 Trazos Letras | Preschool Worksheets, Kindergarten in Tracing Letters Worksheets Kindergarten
---
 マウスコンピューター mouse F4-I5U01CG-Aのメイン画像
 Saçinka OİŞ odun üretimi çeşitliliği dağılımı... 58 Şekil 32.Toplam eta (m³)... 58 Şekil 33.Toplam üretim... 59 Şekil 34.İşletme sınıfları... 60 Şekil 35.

● Task to carry out:
What do the lines above say from the one containing "マウスコンピューター mouse F4-I5U01CG-Aのメイン画像" down to the one containing "Saçinka OİŞ odun"? Return them exactly, both end lines included, and only them.

● Exercise result:
 マウスコンピューター mouse F4-I5U01CG-Aのメイン画像
 Saçinka OİŞ odun üretimi çeşitliliği dağılımı... 58 Şekil 32.Toplam eta (m³)... 58 Şekil 33.Toplam üretim... 59 Şekil 34.İşletme sınıfları... 60 Şekil 35.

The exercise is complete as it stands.